The Consul outage recovery documentation, in the scenario “ Failure of Multiple Servers in a Multi-Server Cluster”, mentions that both data loss and committing of previously uncommitted data are possible.
I would like to have more details about these scenarios. In particular, assuming that it survived at least one server that was a member of the quorum, what type of data loss or committing of uncommitted data can occur? Is there any sequence of steps that can prevent these issues to happen?
I assume that having in the set of survived servers at least one server that was generating the quorum, this server’s log should be perfectly aligned to the log of the consul instance that was leader before the outage.
Regards,
Bernardo
Hi @randomswdev ,
Here are some examples for both data loss and committing of uncommitted data.
Protocol Background:
- If you have a cluster size of 3, the quorum size is 2.

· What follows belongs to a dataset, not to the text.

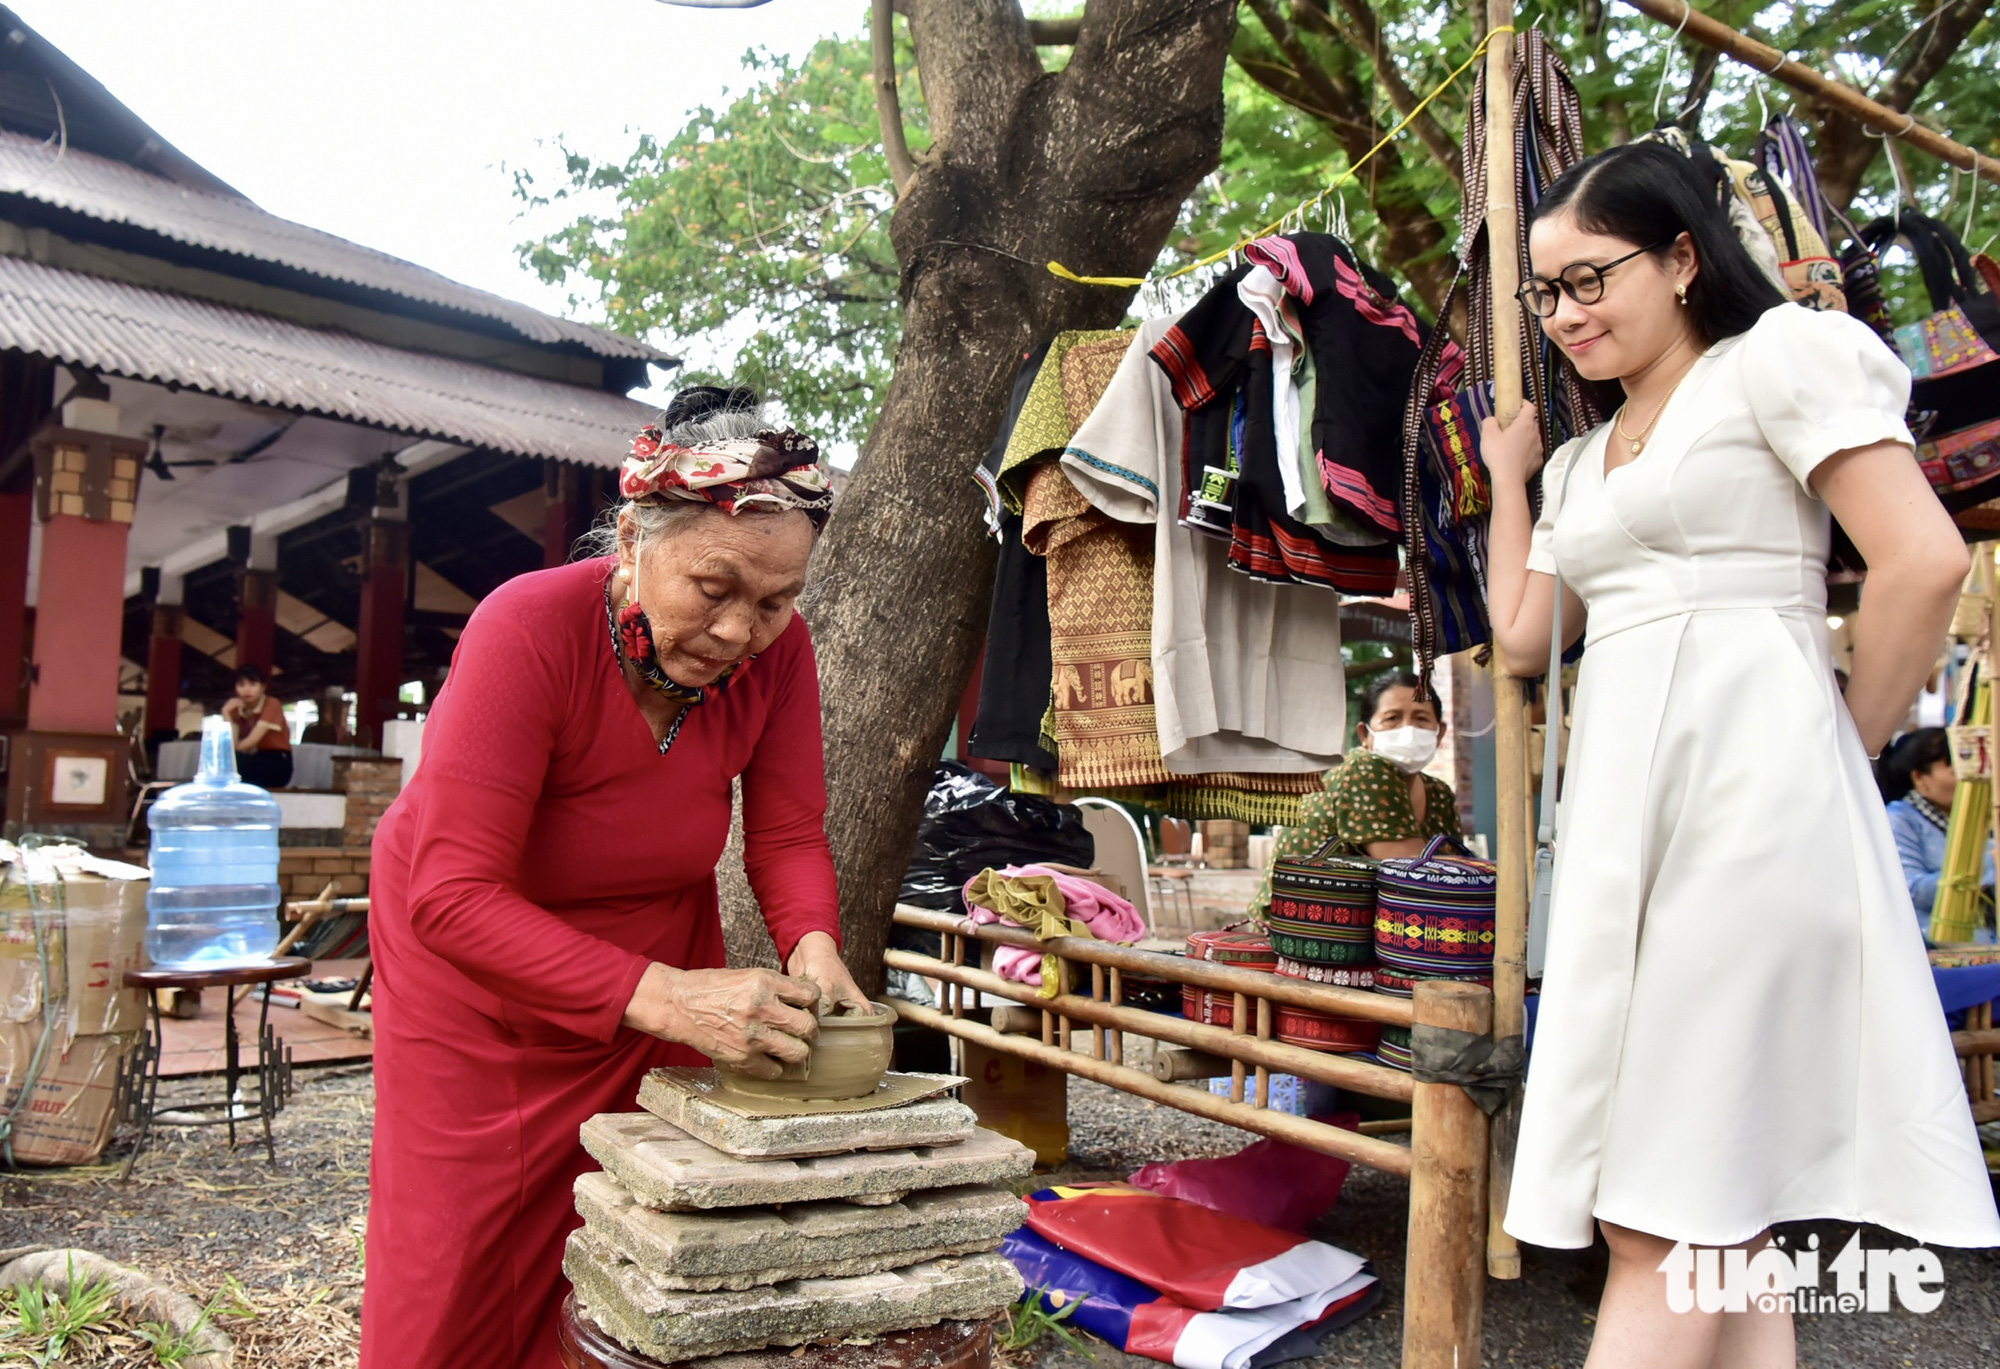 An artisan performs the art of making potteries by the Cham people in Bau Truc Village in south-central Ninh Thuan Province at the opening of the Saigontourist Group Food and Culture Festival 2023 at Van Thanh Tourist Site in Binh Thanh District, Ho Chi Minh City on April 20, 2023. Photo: T.T.D. / Tuoi Tre

- Updates operations go to the leader.
- Before updates are committed they must be sent to a quorum of followers and the replication must be acknowledged by those followers.
Scenario:
- 3 consul servers: Node A (leader), Nodes B and C (followers)
Suppose that one of the followers (Node C) becomes briefly disconnected from the cluster. Node A can still commit data since Nodes A and B form a quorum. If some commits are made then both the leader and Node B both crash and lose their persisted data permanently, Consul could be recovered with Node C’s state which will be missing those commits. Hence resulting in data loss.
Additionally, the more straight-forward case is that if all servers crash and lose their data on disk. That will also result in data loss. The amount of data lost in that case would depend on whether snapshots have been taken as well as the time since the last snapshot.
Now suppose that instead of Nodes A and B going down, all nodes crash but only the followers lose their data on disk. Additionally, the leader had some updates that were being replicated to the followers but hadn’t been committed yet. If Consul is restored with the leader’s data, the restore operation will take those updates and commit them to a snapshot even if they were previously uncommitted. This is because the index of the last log committed is stored in memory, so that information has been lost.
The main objective to prevent these issues from happening is to avoid losing multiple servers at a time. Some of the most important things to do are:
- Run Consul servers on well-provisioned machines, as per our reference architecture. If using Consul as a backend for Vault, please reference Vault’s reference architecture for additional guidance.
- If a server fails it should promptly rejoin the cluster.
- Regular snapshots should be taken and stored in a secure location outside of the Consul server hosts.
- Snapshotting can also be improved by running a cluster of Consul snapshot agents that send regular snapshots to s3-compatible endpoints or Azure Blob Storage (Enterprise feature).
Best,
Freddy